Now I can't access the admin interface, because the password
isn't set. (It isn't reading the stored password.)



Stefan Scholl <ste...@no-spoon.de> wrote:
> OK, it was Rocket.
> 
> Tested it with the old web2py and Tornado 1.2.1 via anyserver.py
> and the download is OK.
> 
> 
> Stefan Scholl <stefan.sch...@gmail.com> wrote:
>> The higher value for chunk_size didn't work with a 33 MiB file. Even
>> in Firefox 4.
>> So I tried 1.96.4 (Rocket 1.2.2) on Windows XP.
>> 
>> Made a new and simple app (dtest). The download there uses
>> "response.download(request,db)" as well.
>> 
>> 1 simple table: db.define_table('stuff', Field('file', 'upload'))
>> 
>> Upload of the 33 MiB file via db admin, content listed on
>> http://127.0.0.1:8001/dtest/default/data/select/stuff (default
>> function "data" with "return dict(form=crud())". Download with
>> Internet Explorer 8 (after removing the tag that switches to "Chrome
>> Frame", to have a realistic test like "normal" users).
>> 
>> Download was broken. A few KiB were missing. This was on localhost.
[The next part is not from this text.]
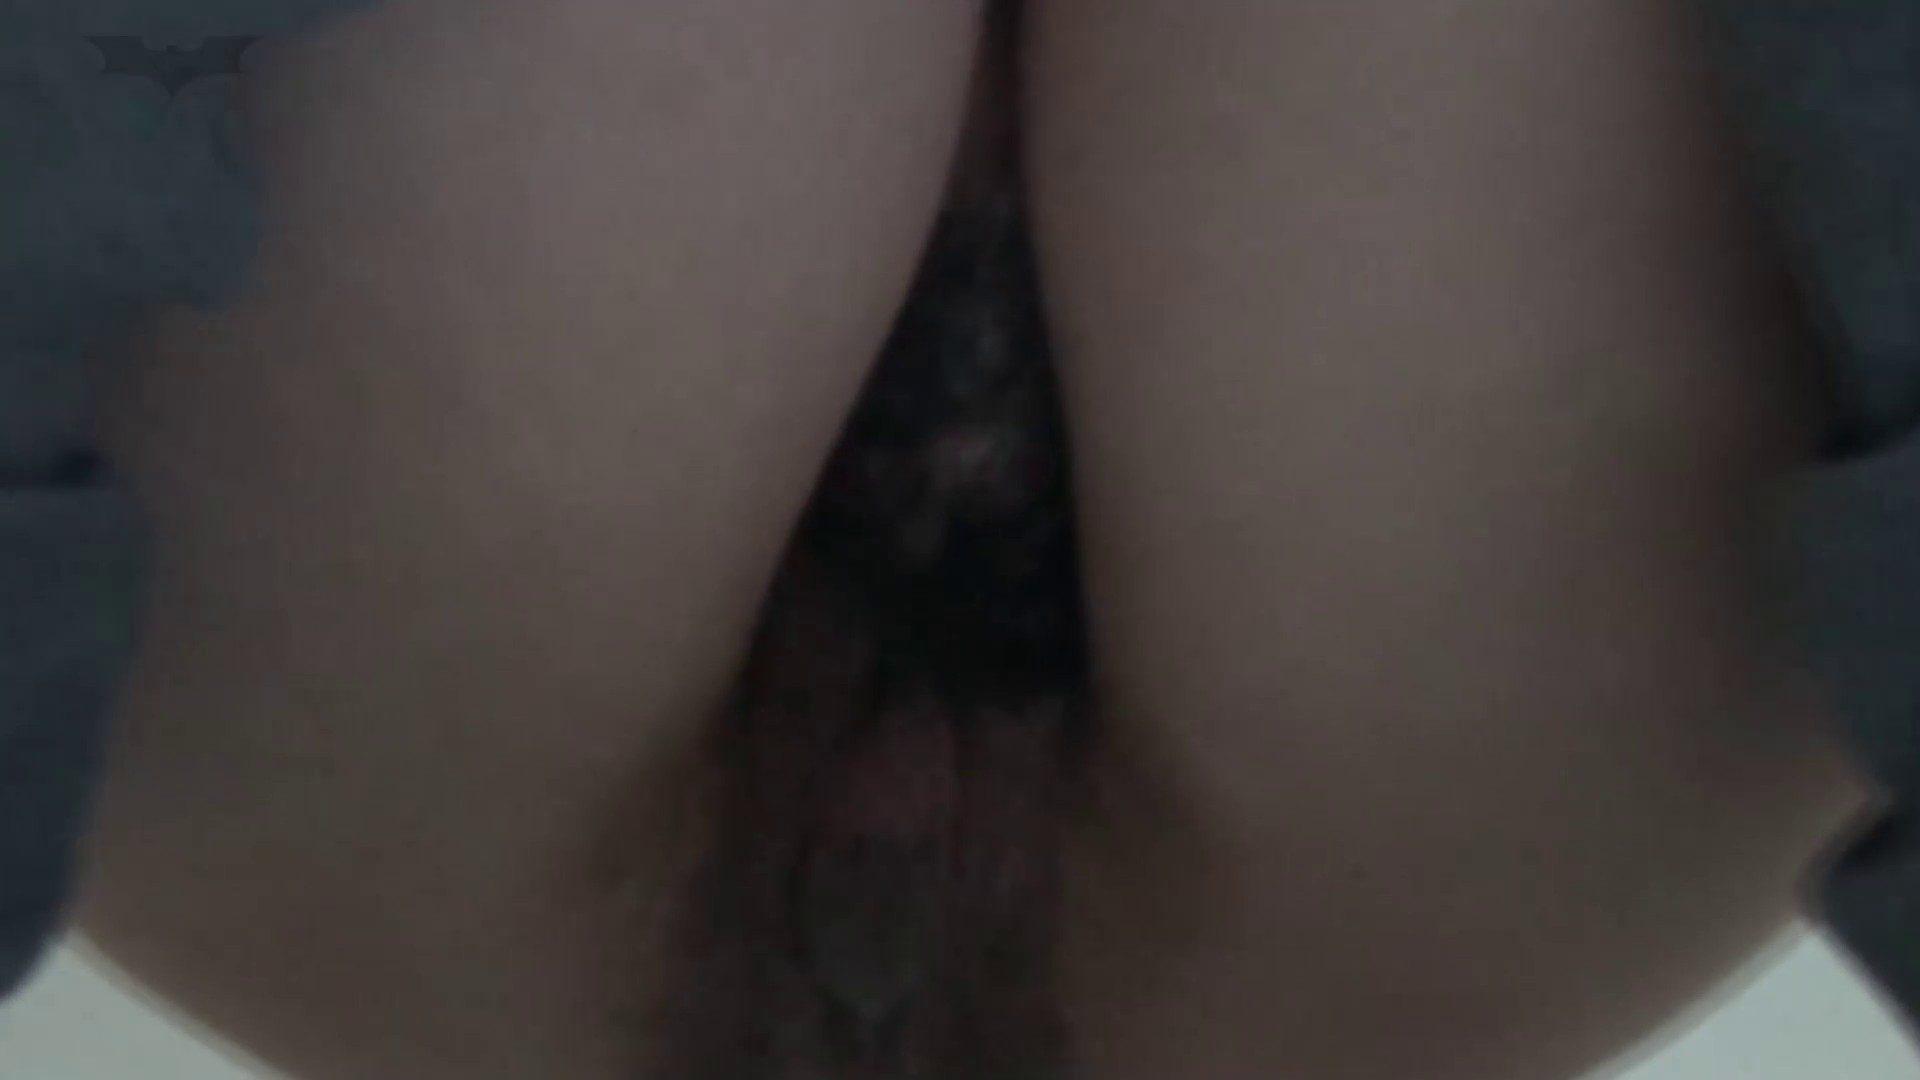 JD盗撮 美女の洗面所の秘密 Vol.21 トイレで・・・ AV無料動画キャプチャ 63画像 59
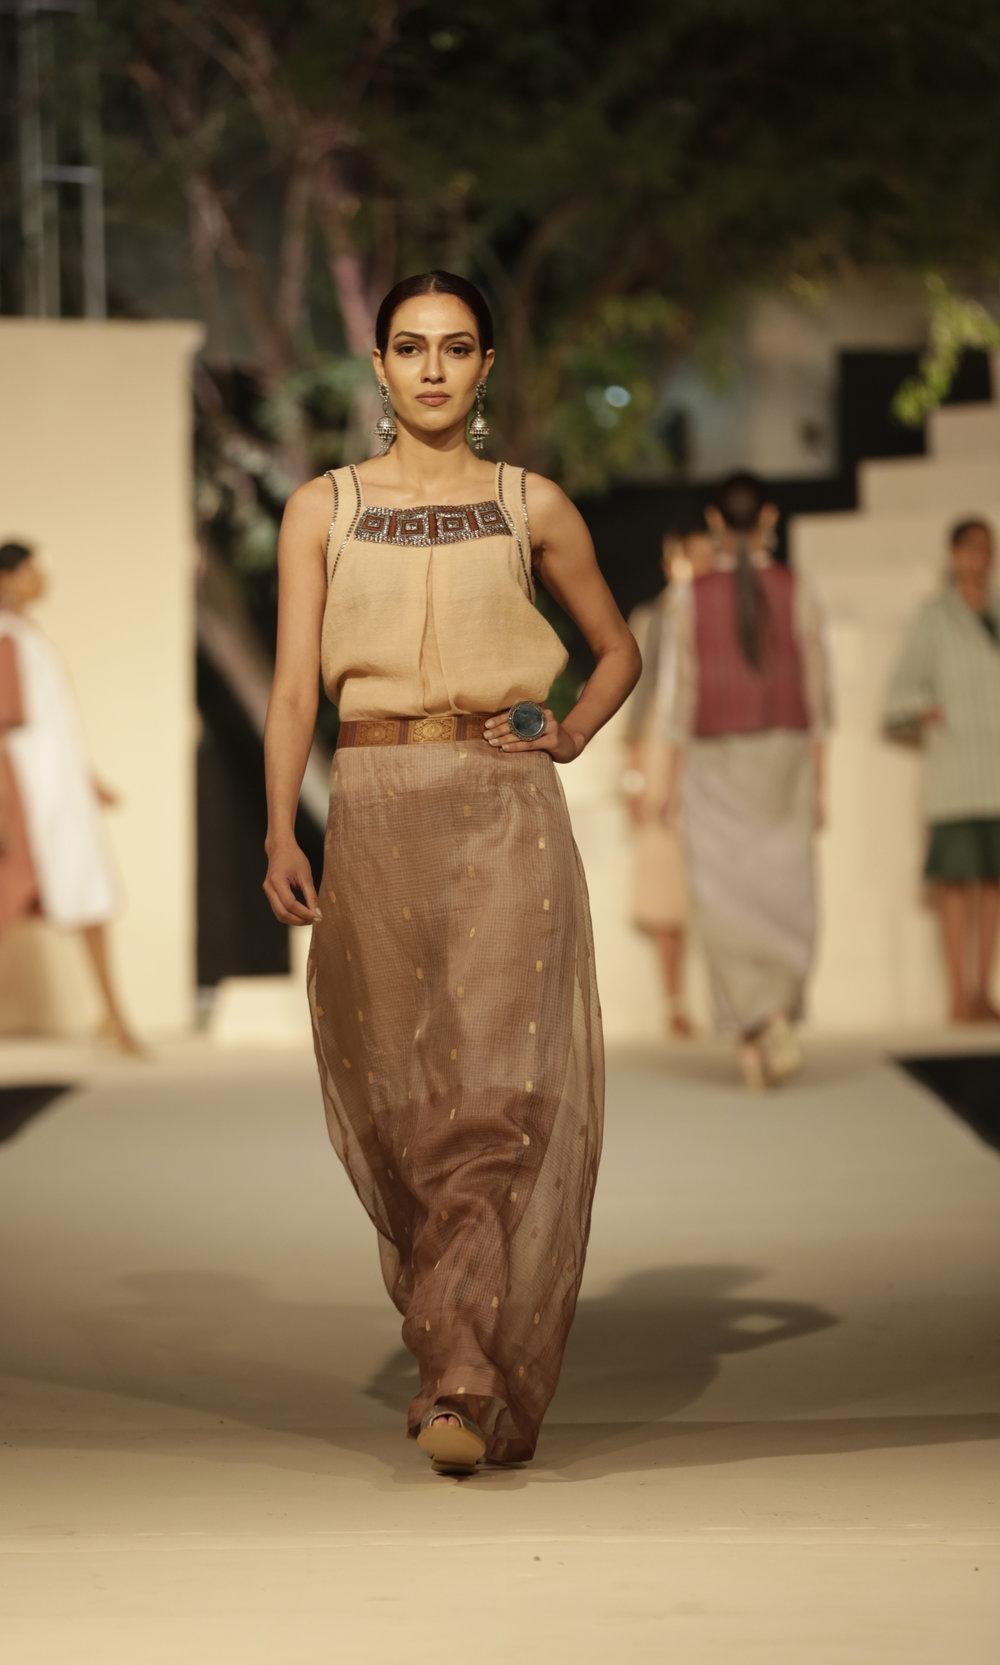 RH1101 Top   RH1102 Skirt

>> Remote tests have even worse results.
>> 
>> 
>> 
>> On 6 Mai, 17:51, Massimo Di Pierro <massimo.dipie...@gmail.com> wrote:
>>> Can you try 1.95.1
>>>
>>> On May 6, 6:03 am, Stefan Scholl <stefan.sch...@gmail.com> wrote:
>>>
>>>
>>>
>>>
>>>
>>>
>>>
>>> > The classicdownloadfunction:
>>>
>>> > defdownload():
>>> >     return response.download(request, db)
>>>
>>> > I'm developing on localhost (127.0.0.1, no SSL) and one strange thing
>>> > happened: Downloads in IE8 (Windows XP) were all corrupt/broken if
>>> > they weren't below 64KiB in size. Very easy to see with large images.
>>>
>>> > Using a higher value for the argument 'chunk_size' solves this
>>> > problem, up to this new maximum.